_EXERCISE DATA:_

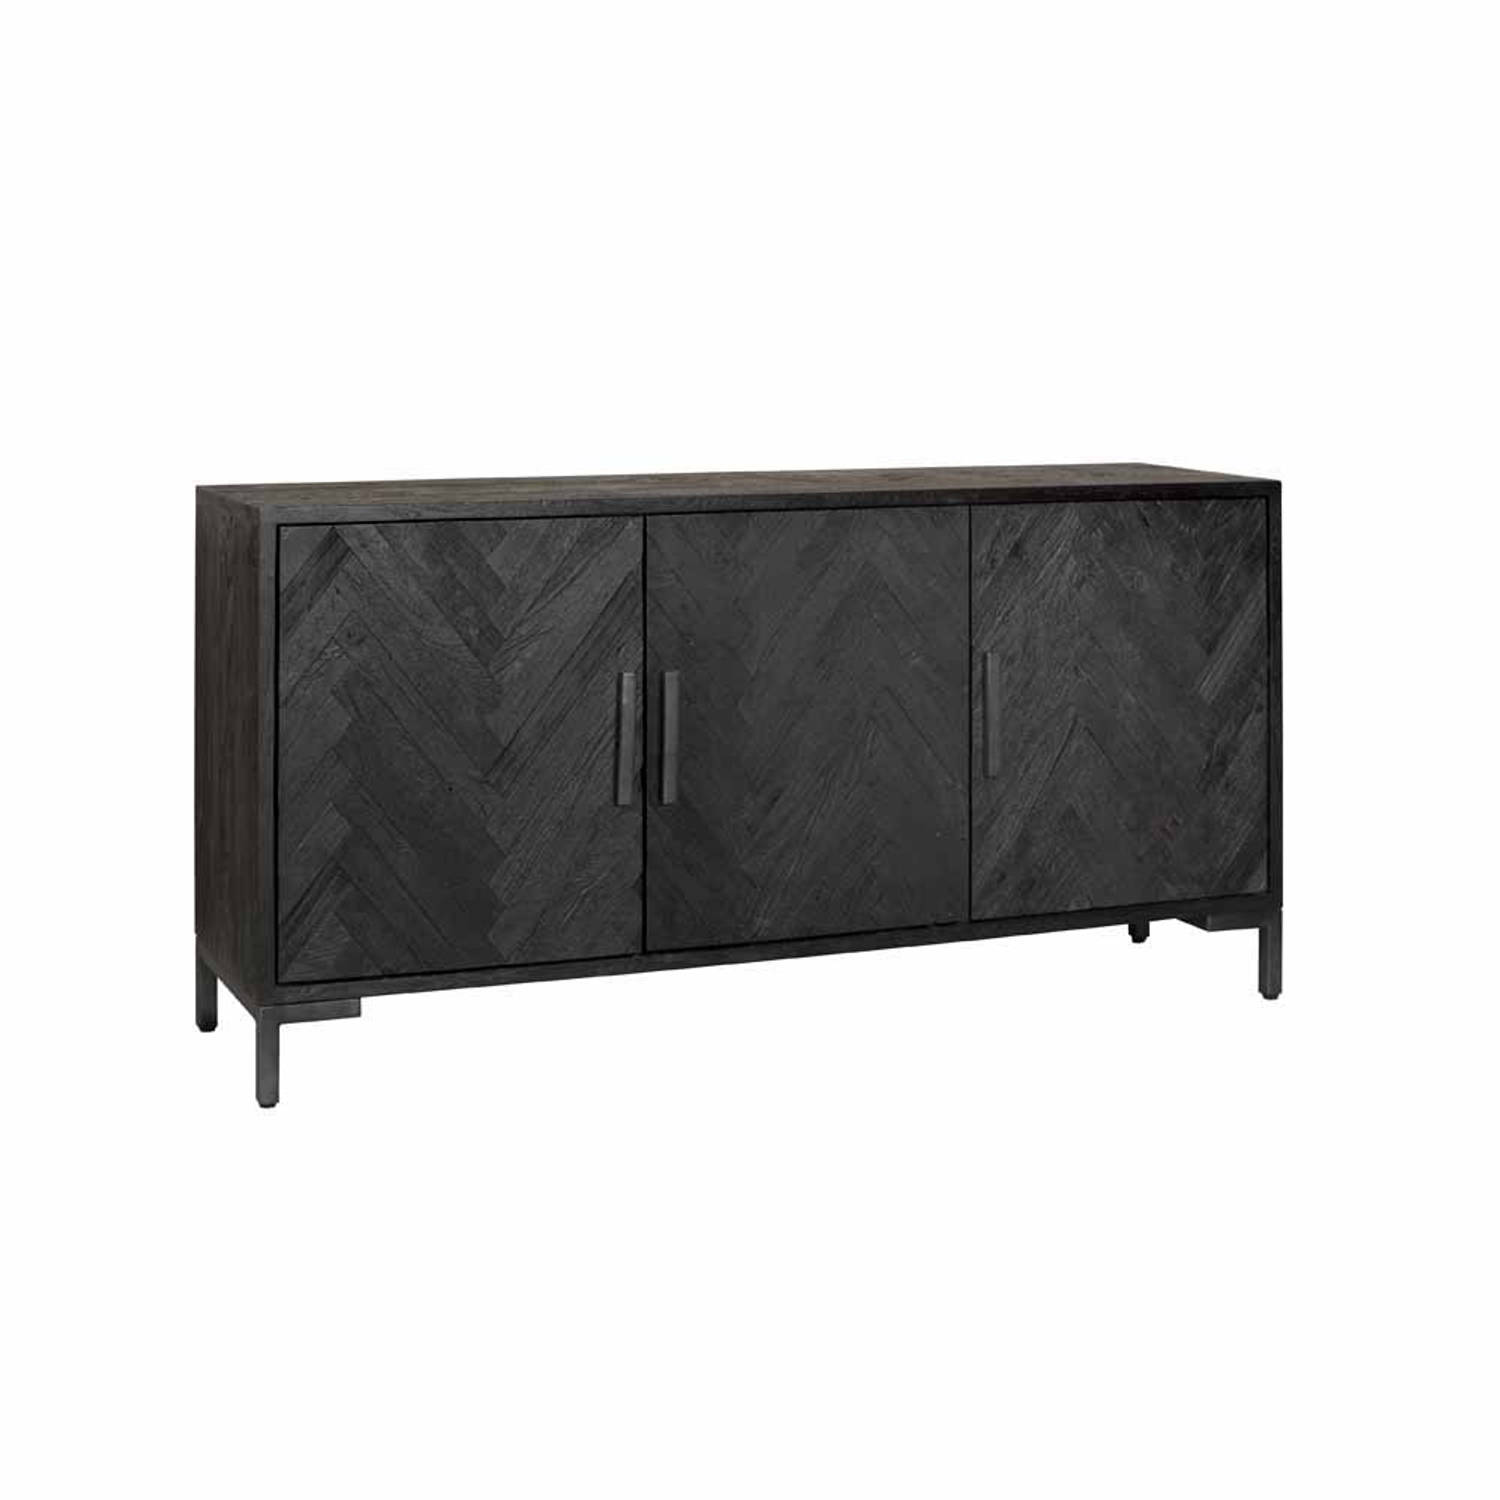 TOFF Ziano Sideboard 3 drs - 180x45x90
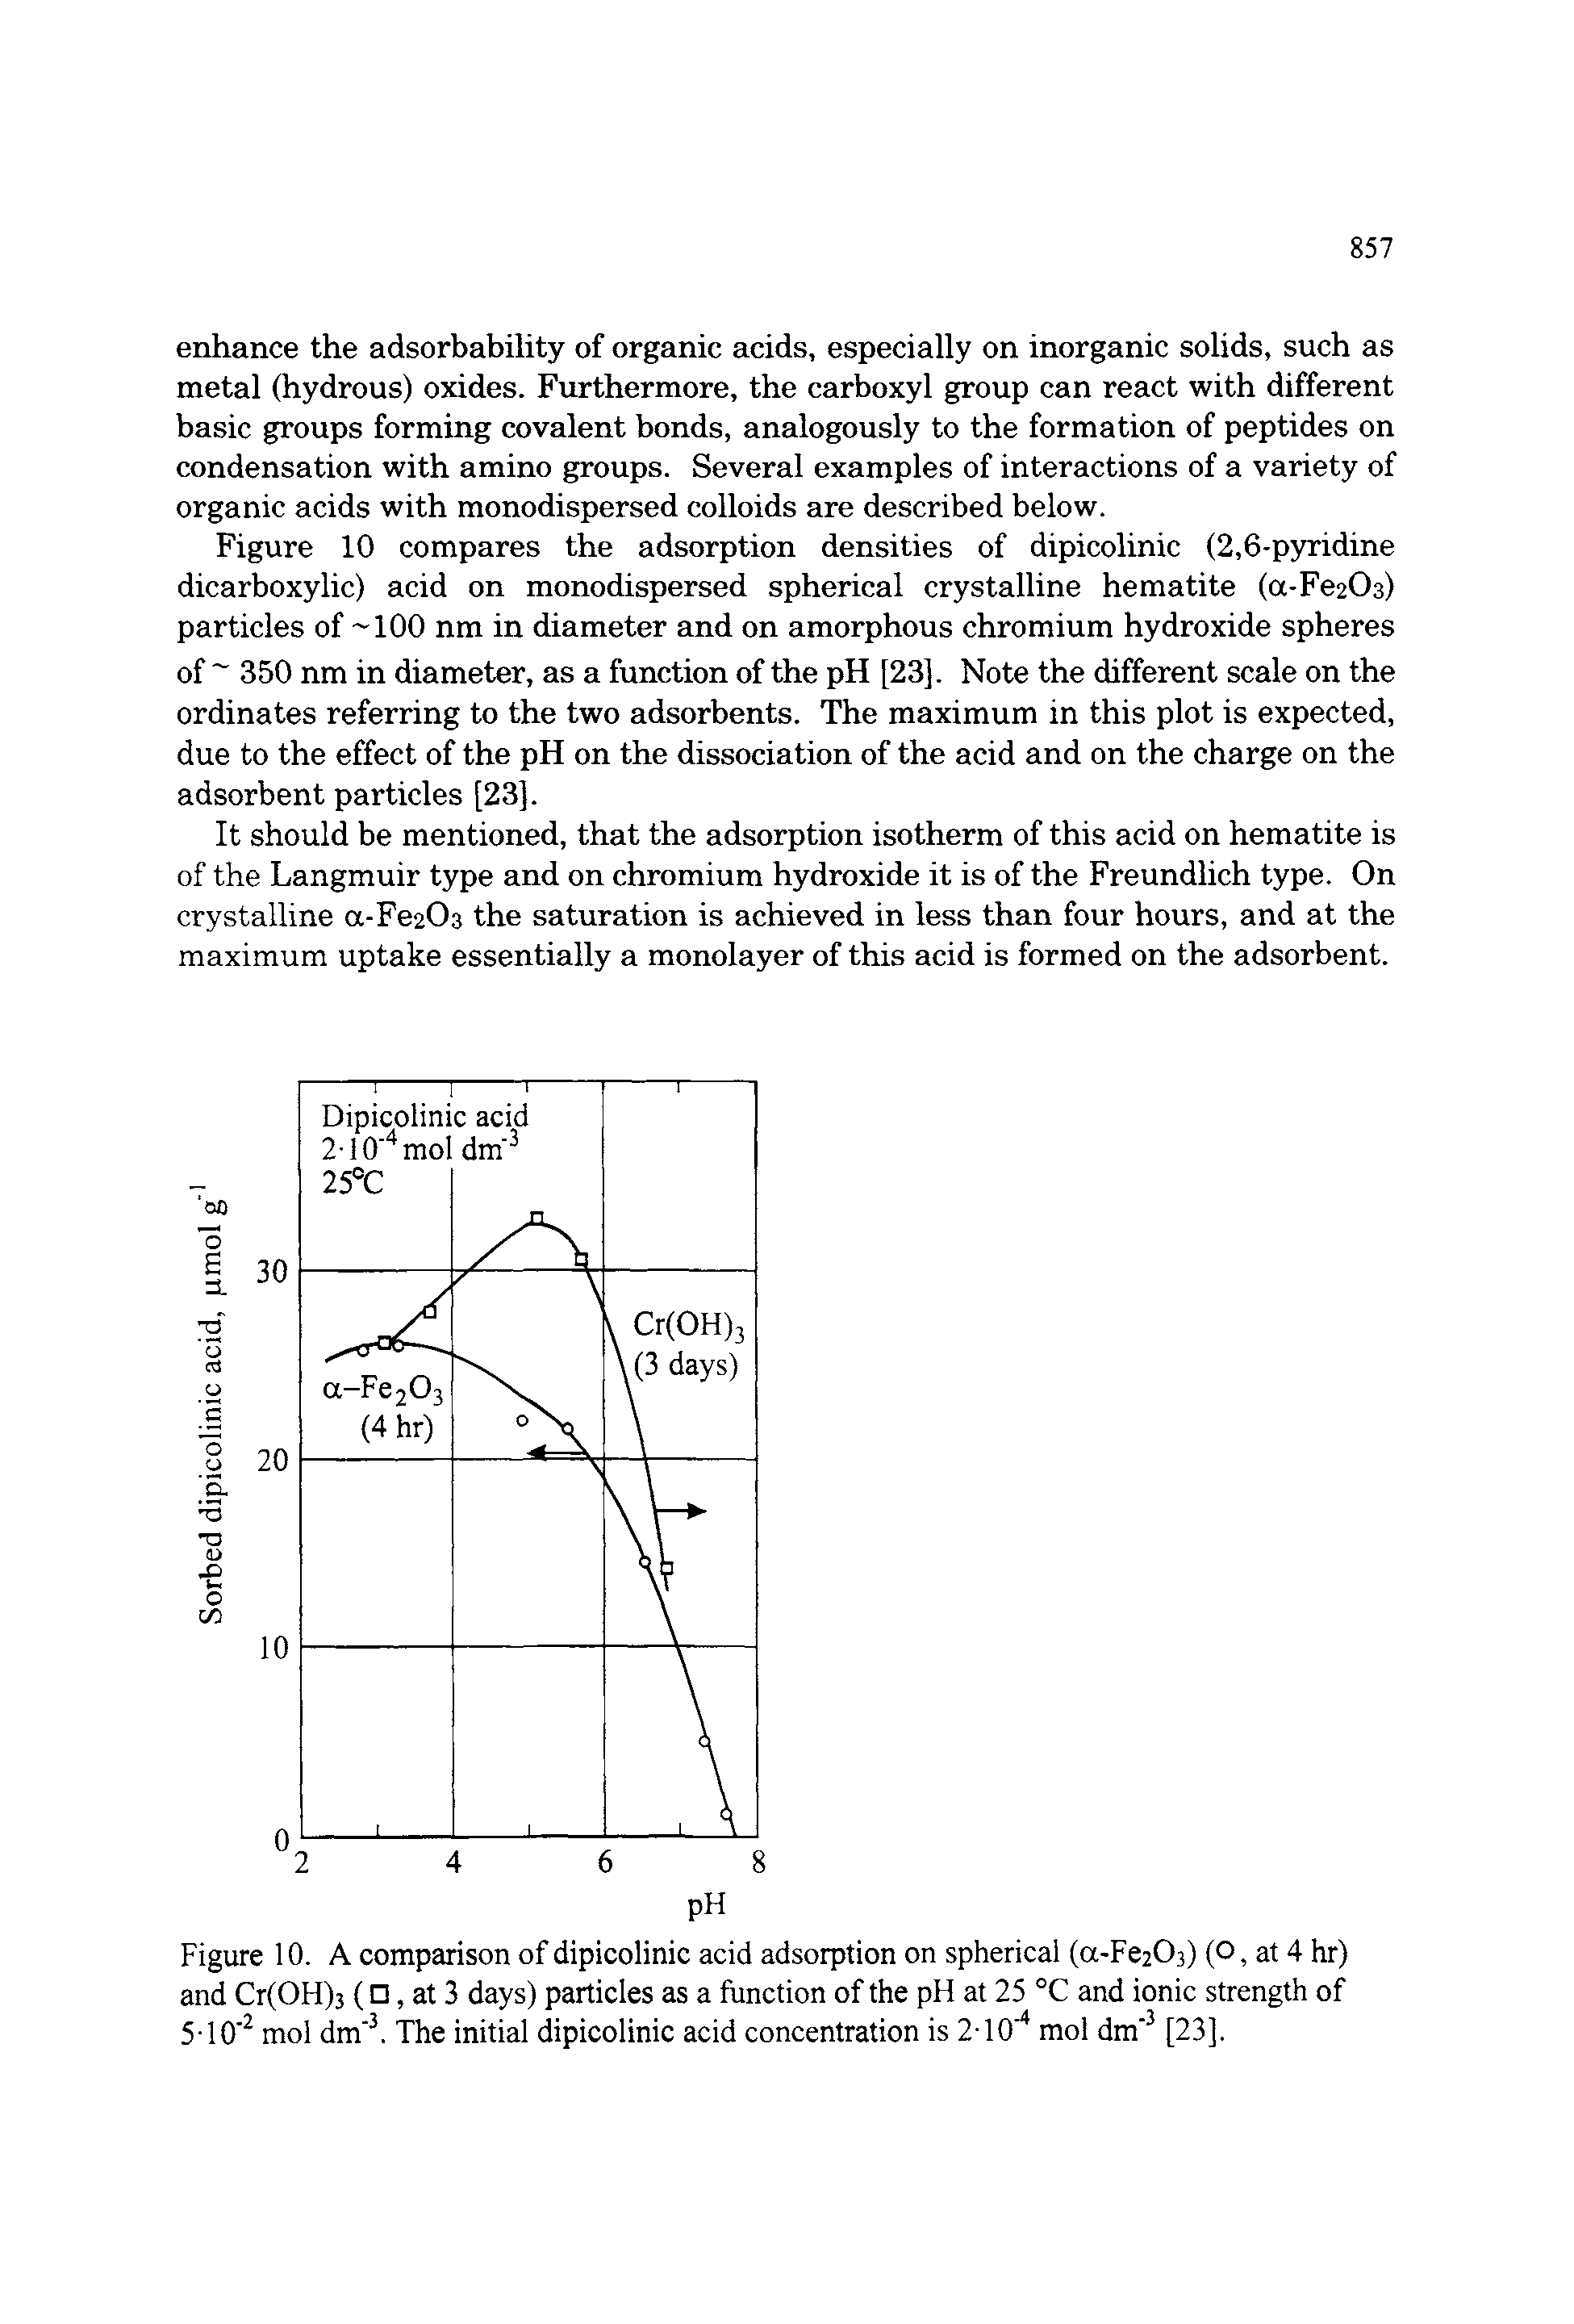 Figure 10. A comparison of dipicolinic acid adsorption on spherical (a-Fe203) (O, at 4 hr) and Cr(OH)3 ( , at 3 days) particles as a function of the pH at 25 °C and ionic strength of 5-10 mol dm The initial dipicolinic acid concentration is 2-10 mol dm [23],...
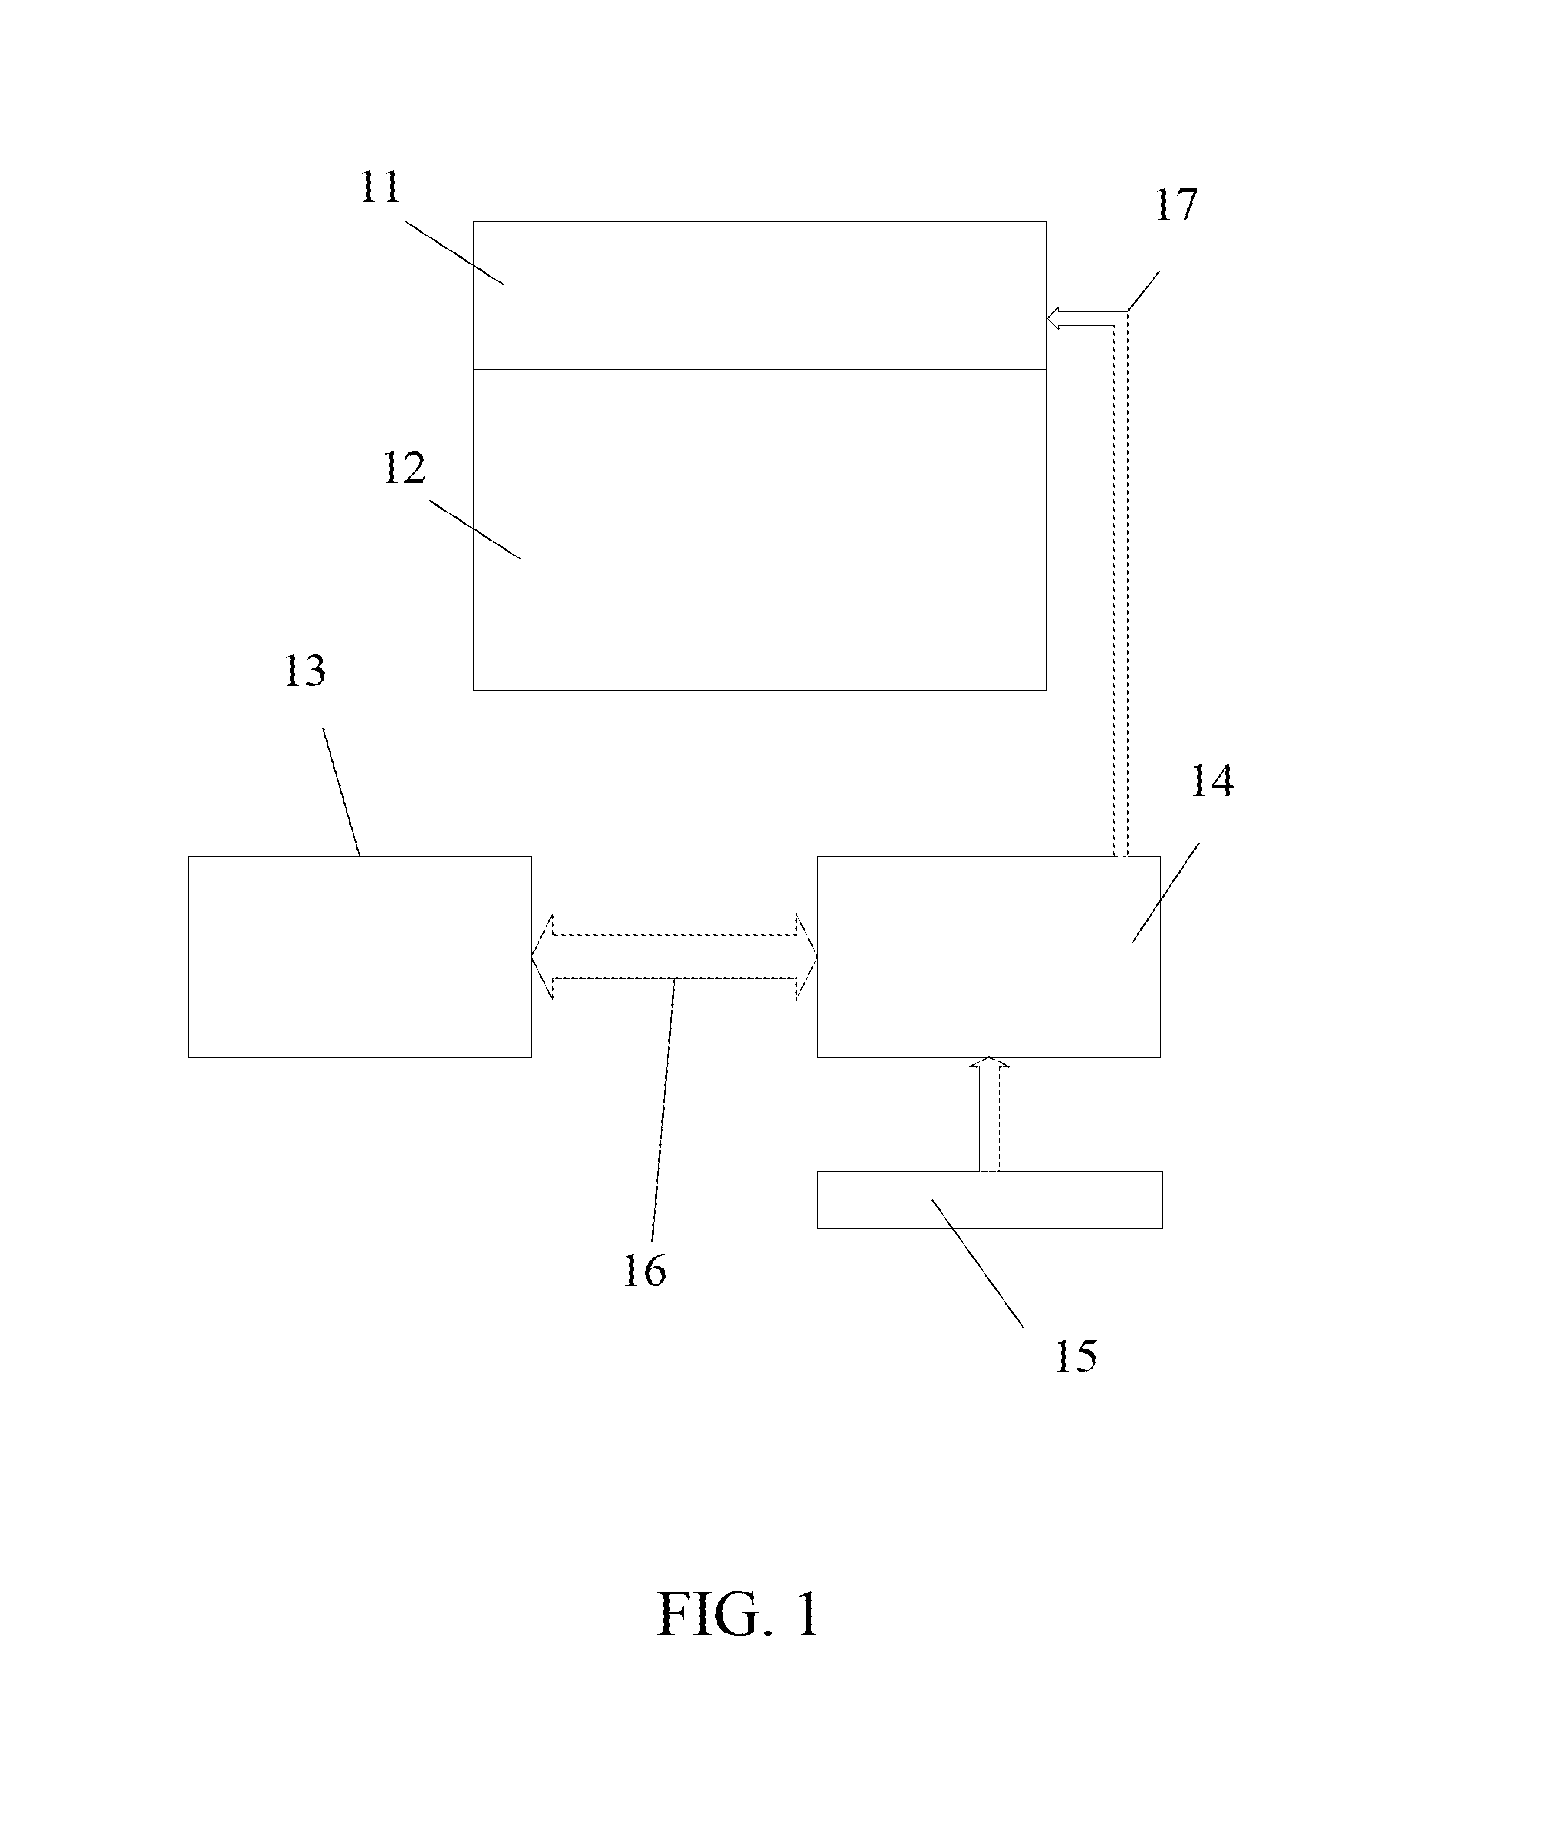 Electronically-controlled device for release of drugs, proteins, and other organic or inorganic chemicals

_YOUR ASSIGNMENT:_ Omit the pictures and reproduce the listing exactly.

_EXERCISE RESULT:_
 TOFF Ziano Sideboard 3 drs - 180x45x90
 Figure 10. A comparison of dipicolinic acid adsorption on spherical (a-Fe203) (O, at 4 hr) and Cr(OH)3 ( , at 3 days) particles as a function of the pH at 25 °C and ionic strength of 5-10 mol dm The initial dipicolinic acid concentration is 2-10 mol dm [23],...
 Electronically-controlled device for release of drugs, proteins, and other organic or inorganic chemicals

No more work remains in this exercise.